The Table lists 32 genes that are differentially expressed between HPET‐resistant (R) and HPET‐sensitive (S) gastric diffuse large B‐cell lymphomas. Genes with high expression levels are at the top.

TABLE 4.

Distinct pathology of early stage gastric diffuse large B‐cell lymphomas sensitive or resistant to H. pylori eradication therapy

	HPET sensitive	HPET resistant	p ^*
Gastritis
Active	6	2	0.04
Mixed	7	3
Chronic	3	9
qRT‐PCR
dCT _{U6‐miR‐155}	−10.4 ± 0.2, n = 15	−8.6 ± 0.8, n = 13	0.02
dCT _{ACTB‐DEPTOR}	0.9 ± 0.6, n = 17	−2.1 ± 0.7, n = 16	0.004
dCT _ACTB‐TLR5	−1.2 ± 0.6, n = 17	−4.0 ± 0.5, n = 16	0.001
IHC
%, pS6K1+ cells	33%, n = 15	56%, n = 15	0.005

Open in a new tab

Abbreviation: HPET: H. pylori eradication therapy.

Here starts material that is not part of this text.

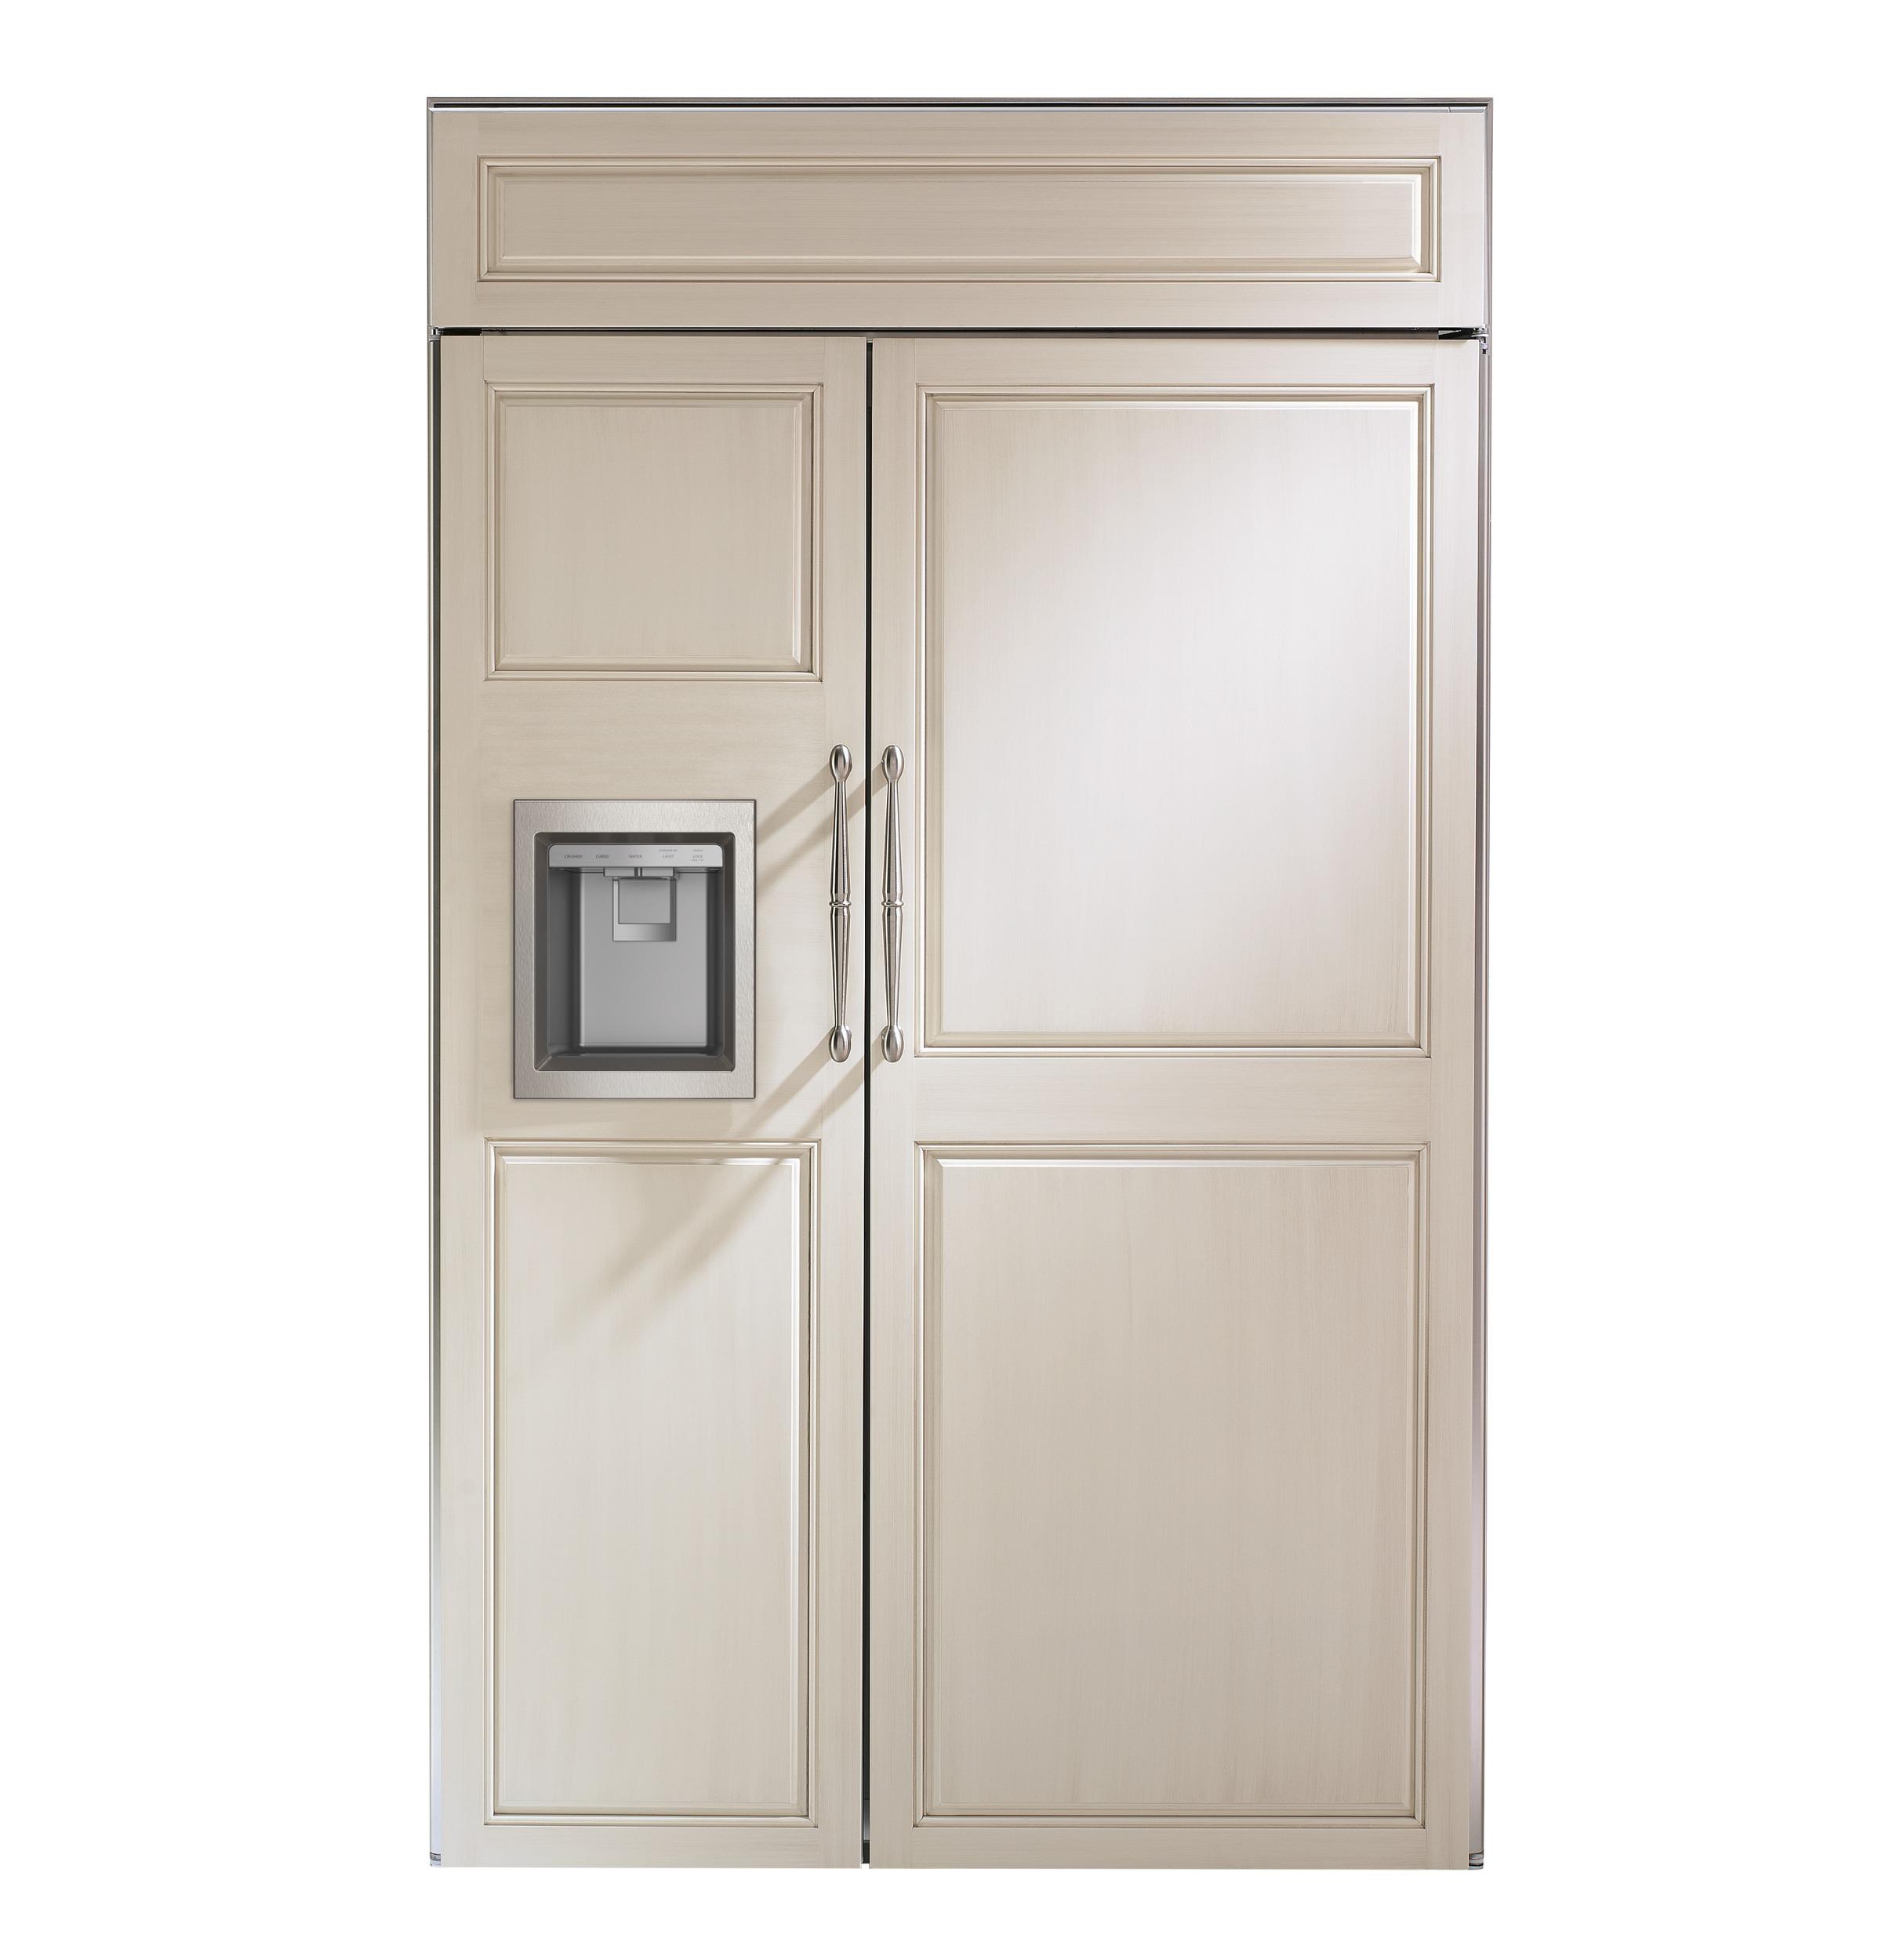 "Model: ZISB480DNII | Monogram Monogram 48"" Smart Built-In Side-by-Side Refrigerator with Dispenser"

The Fisher's test for categorical data and the Student's t‐test for continuous data.

3. RESULTS

3.1. In gastric DLBCLs treated with H. pylori eradication therapy, the resistant group had higher levels of miR‐155 but lower levels of miR‐200 than the sensitive group

Using the NanoString technology, we measured genome‐wide miRNA expression profiles in nine H. pylori eradication therapy‐sensitive gastric DLBCLs and eight H. pylori eradication therapy‐resistant gastric DLBCLs. Out of 654 miRNAs, 2 miRNAs, including miR‐155 and miR‐1203, were associated with the resistant group, whereas 8 miRNAs, including miR‐200 a, b, and c, 22, 31, 141, 192, and 194, were associated with the sensitive group (Figure 1A; Data S1).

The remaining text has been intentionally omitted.